▶ _Aim of the task_:
Everything below from the line with "Vestido Bebê Recém" through the line with "JBL ProaquaTest CombiSet Pond" should be copied exactly, and nothing else; leave out the pictures.

▶ _Given records_:
☆ ☆ ☆ ☆ ☆ ☆ ☆

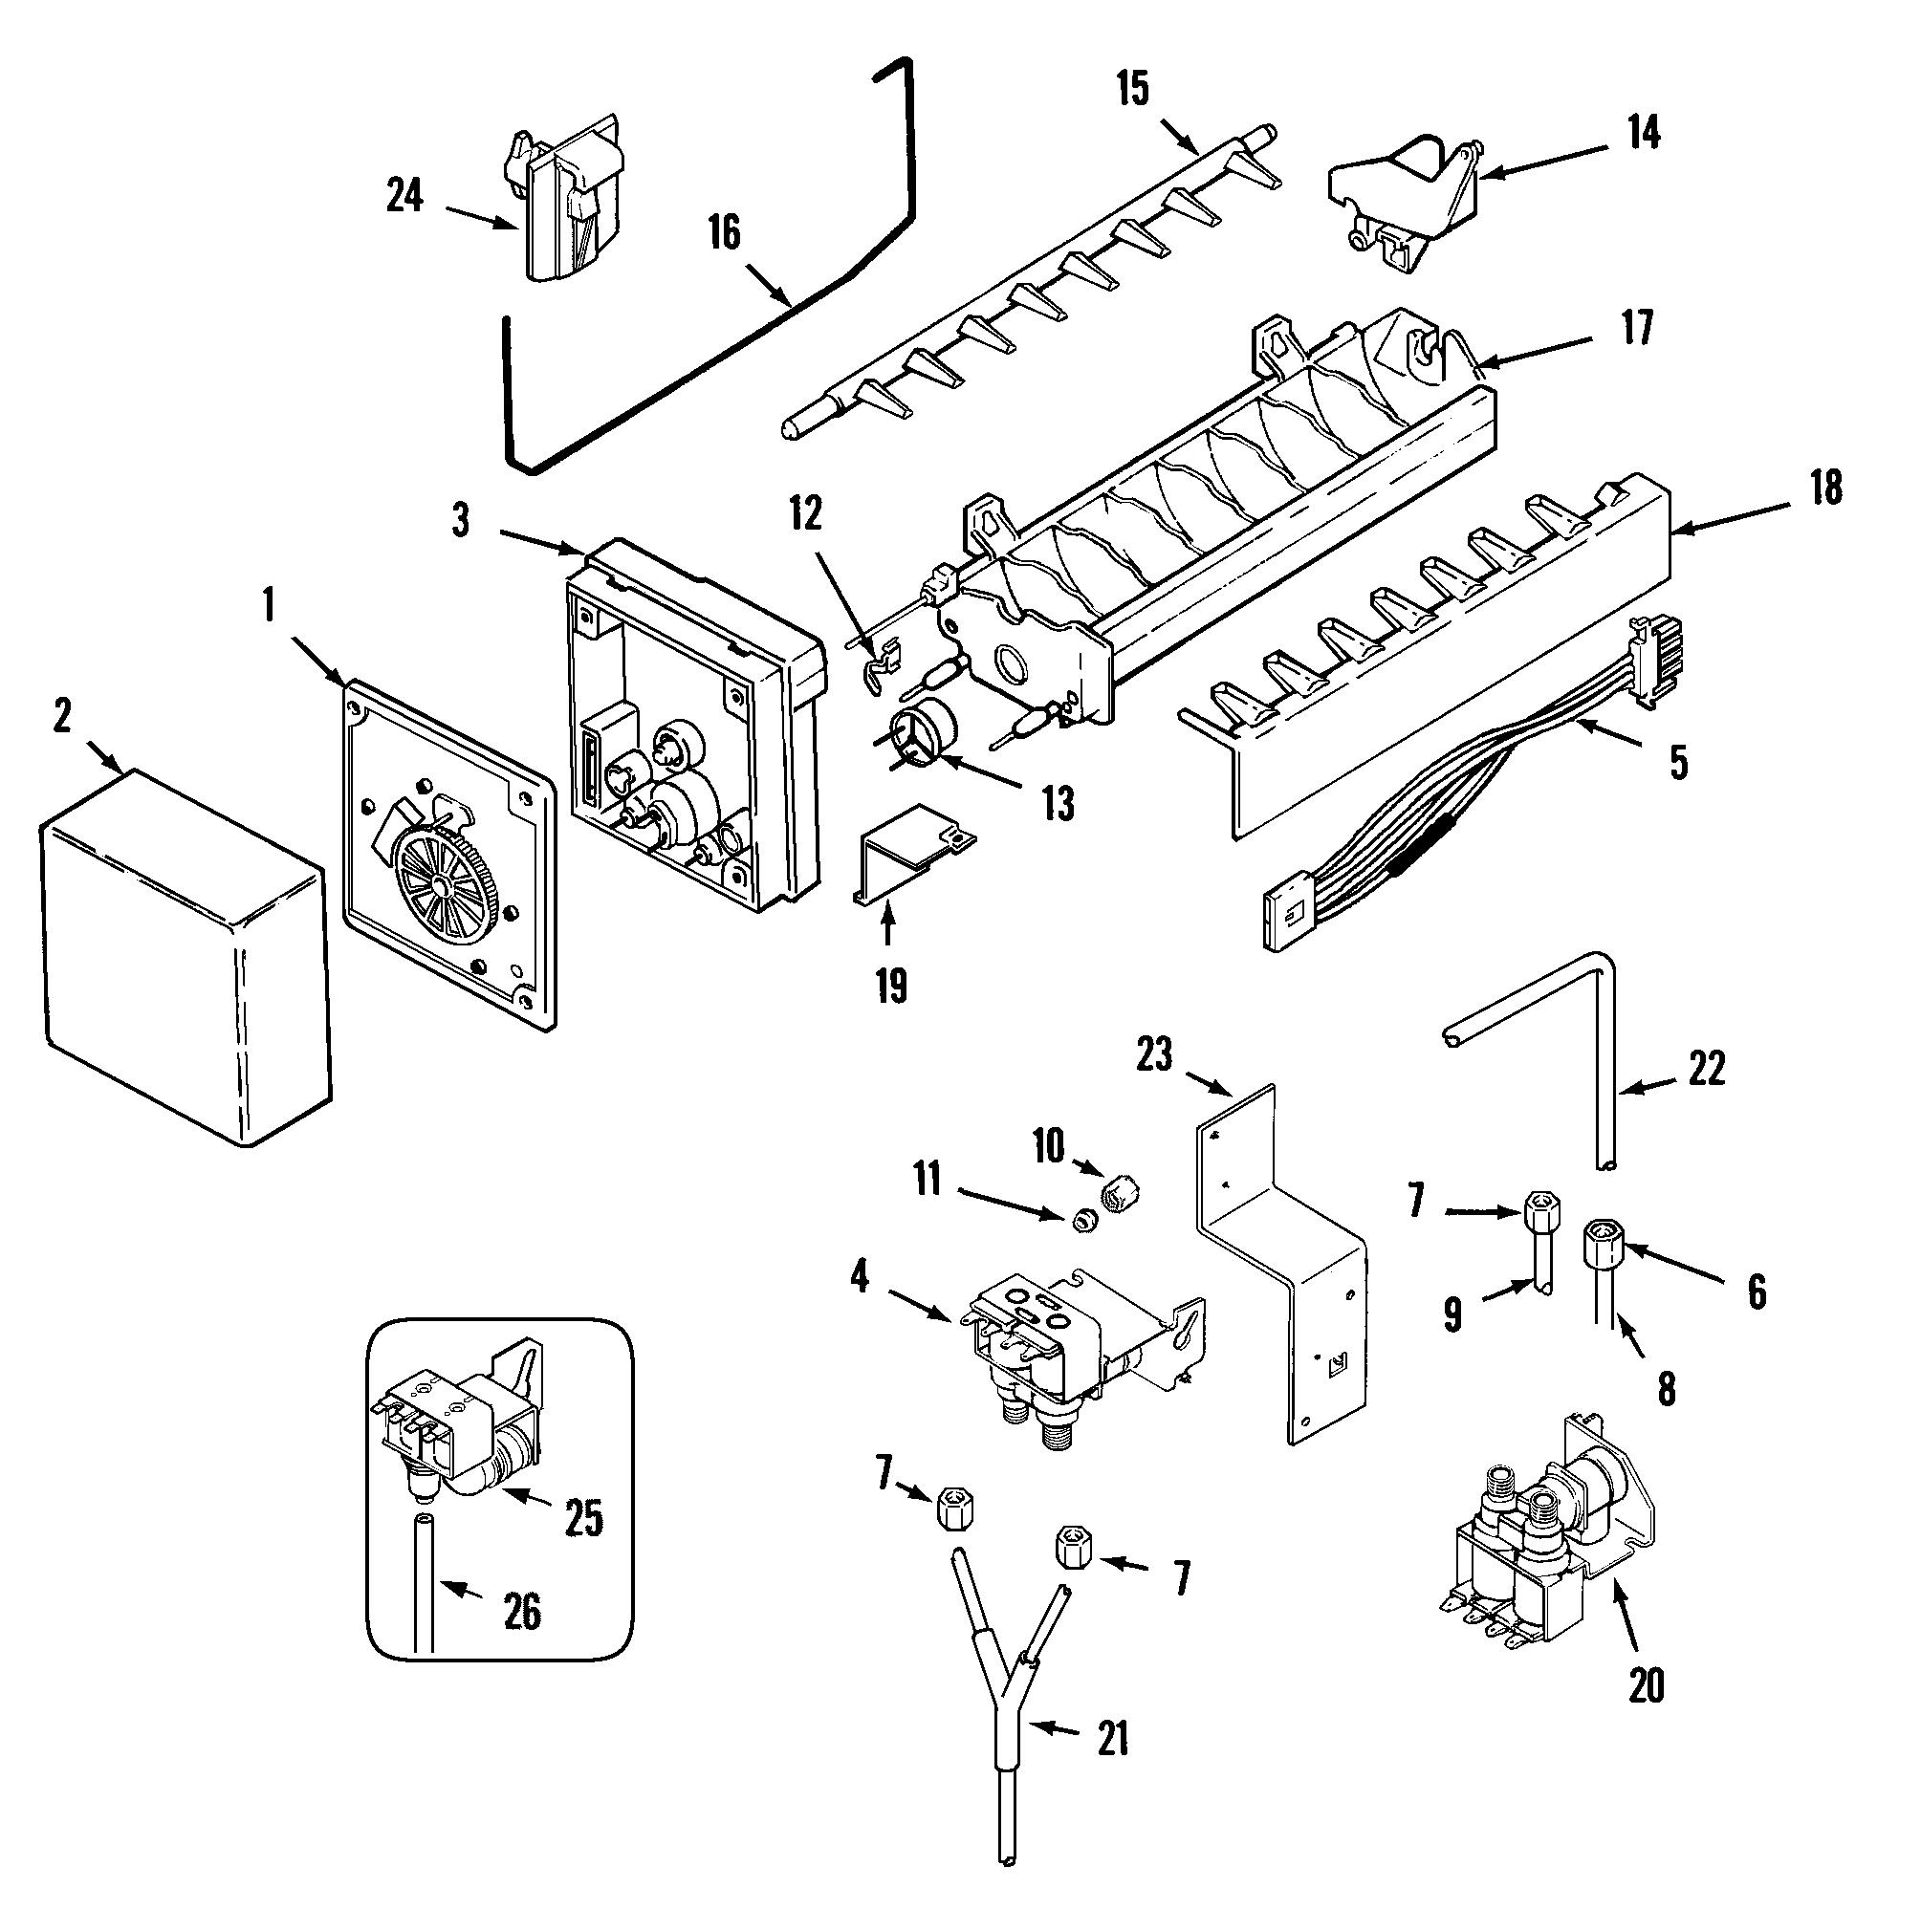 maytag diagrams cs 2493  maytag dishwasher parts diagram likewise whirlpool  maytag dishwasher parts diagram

☆ ☆ ☆ ☆ ☆ ☆ ☆

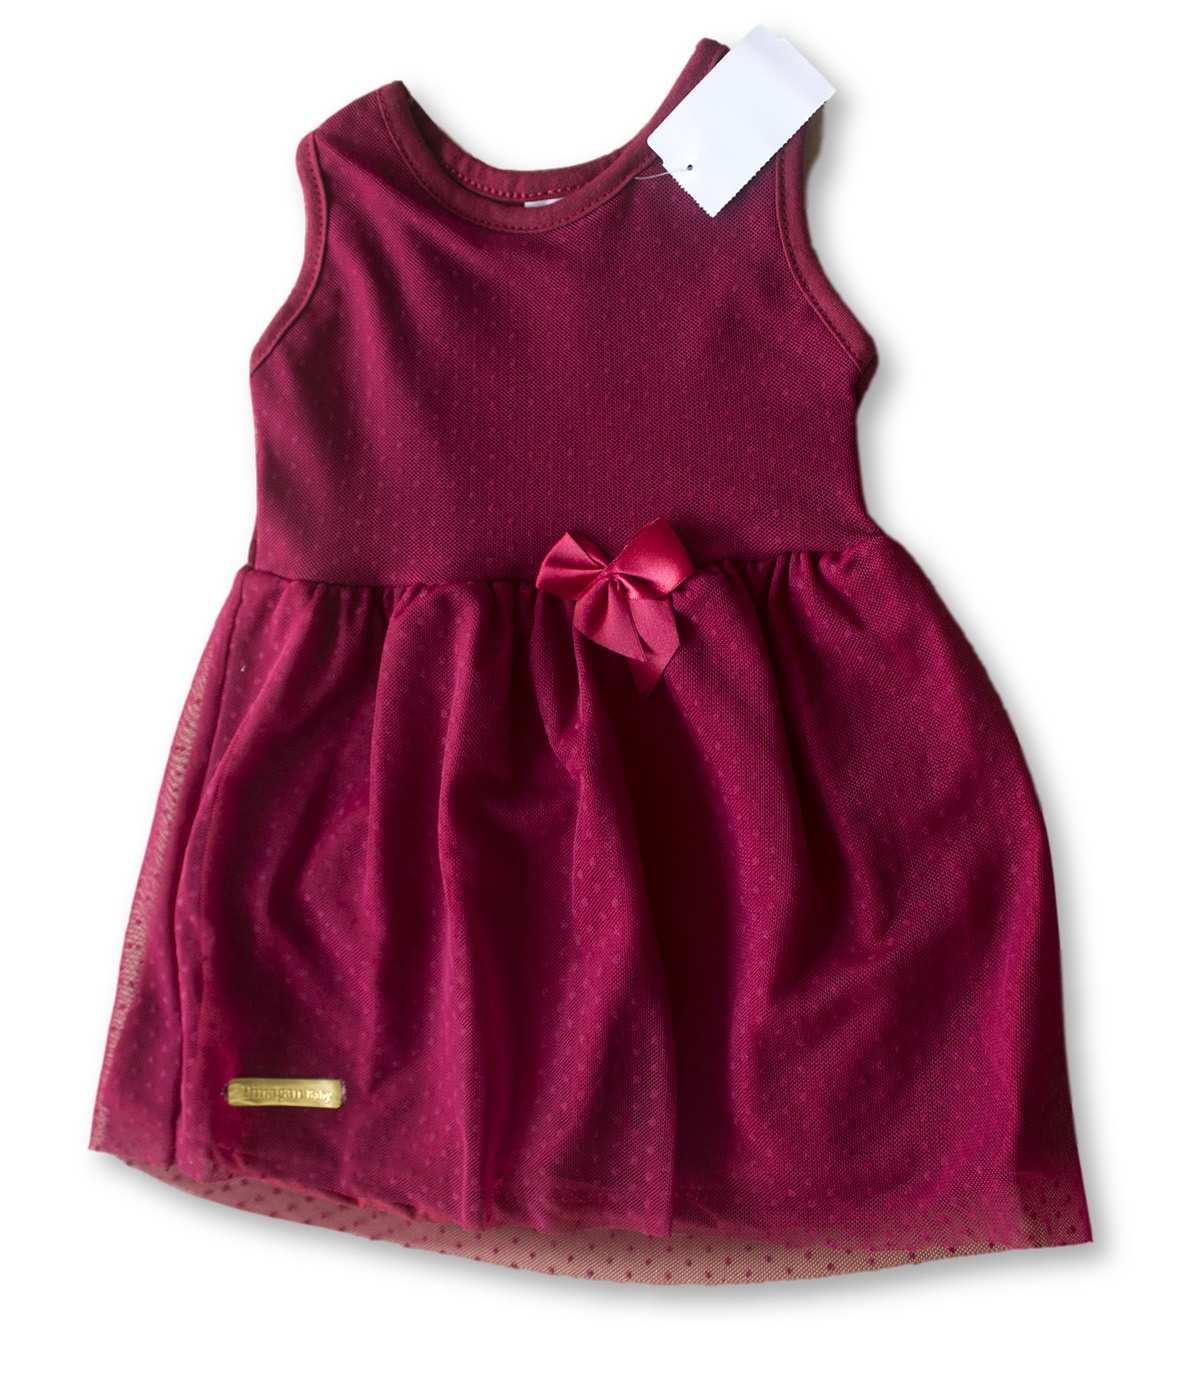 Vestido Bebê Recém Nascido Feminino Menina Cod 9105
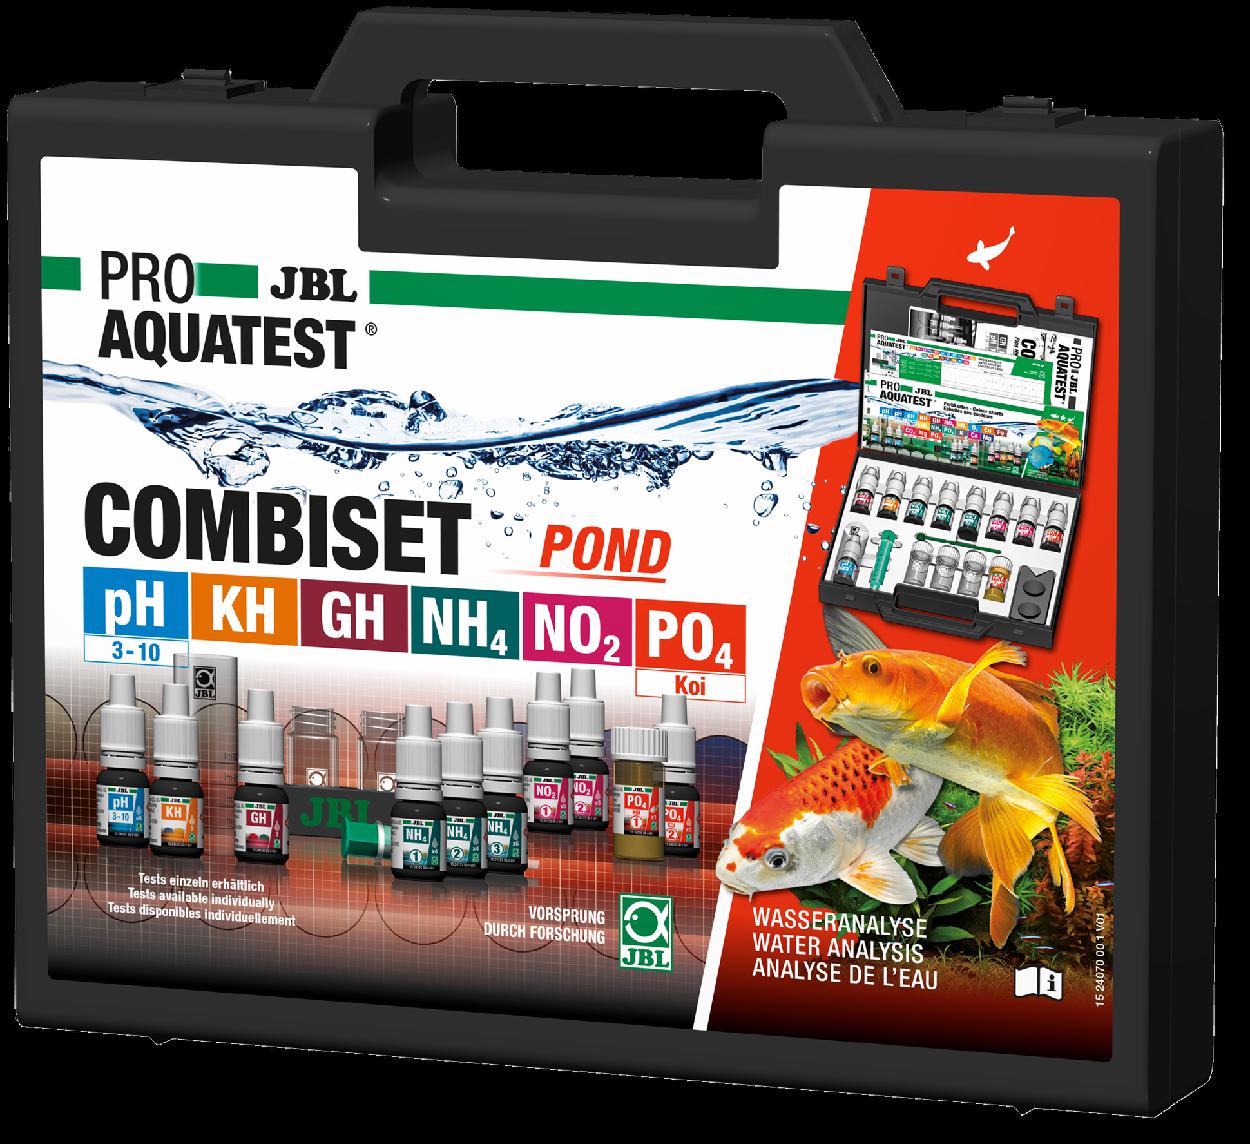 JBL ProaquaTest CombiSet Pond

☆ ☆ ☆ ☆ ☆ ☆ ☆

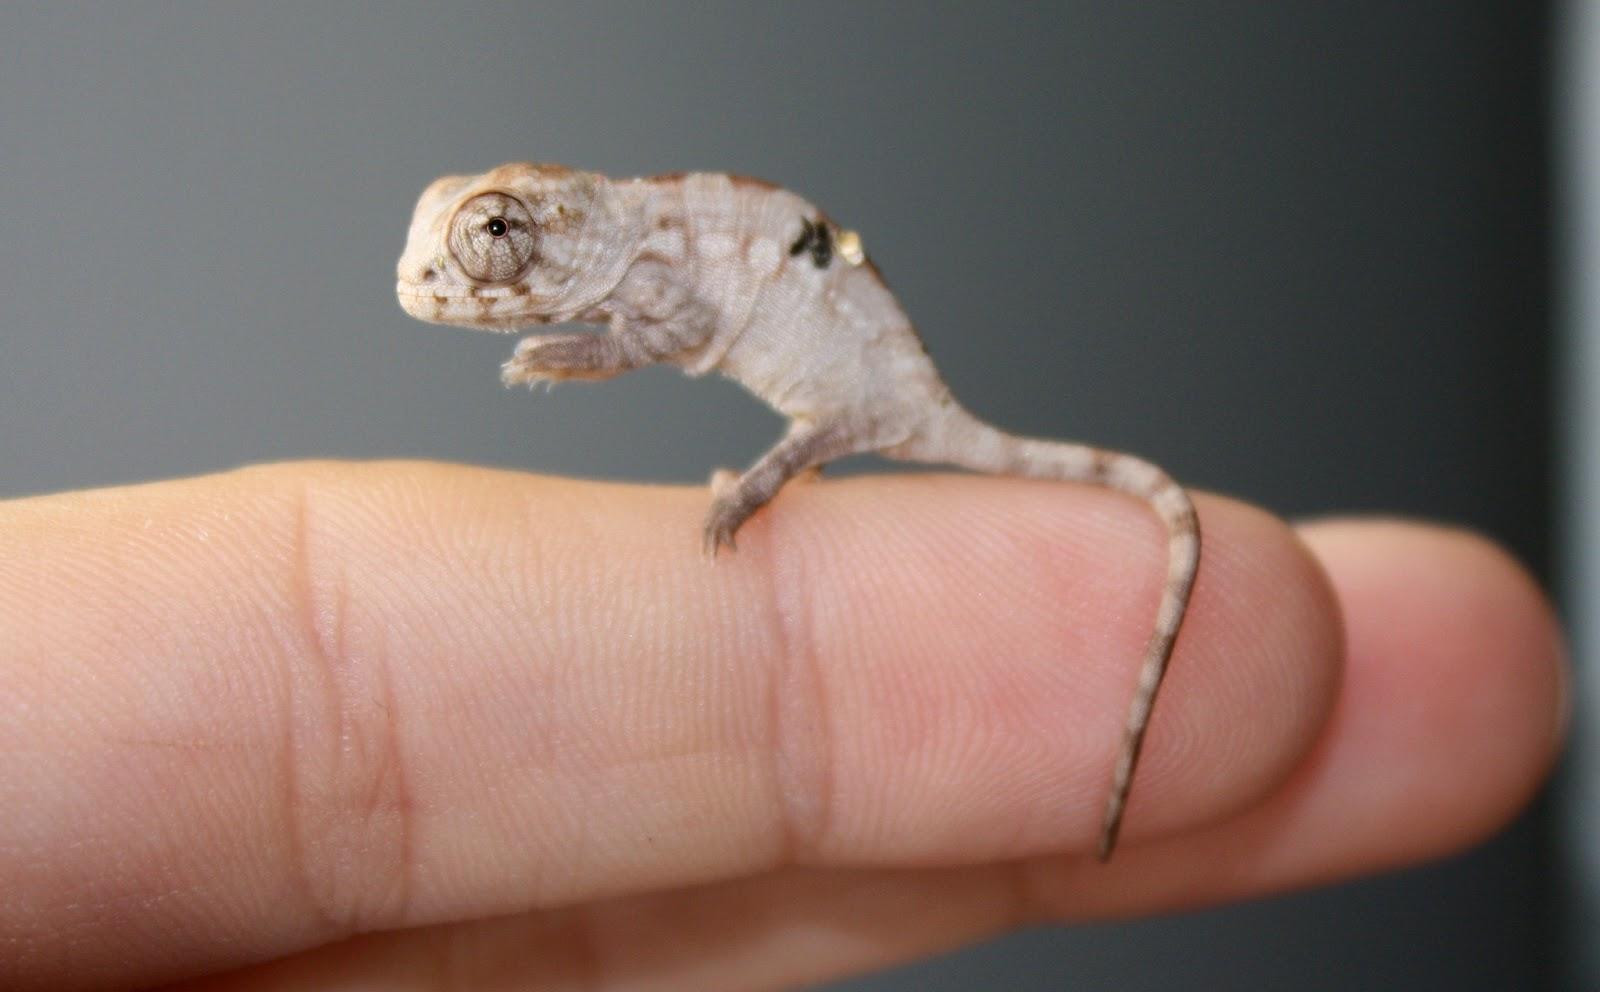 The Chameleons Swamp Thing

☆ ☆ ☆ ☆ ☆ ☆ ☆

▶ _Exercise result_:
 Vestido Bebê Recém Nascido Feminino Menina Cod 9105
 JBL ProaquaTest CombiSet Pond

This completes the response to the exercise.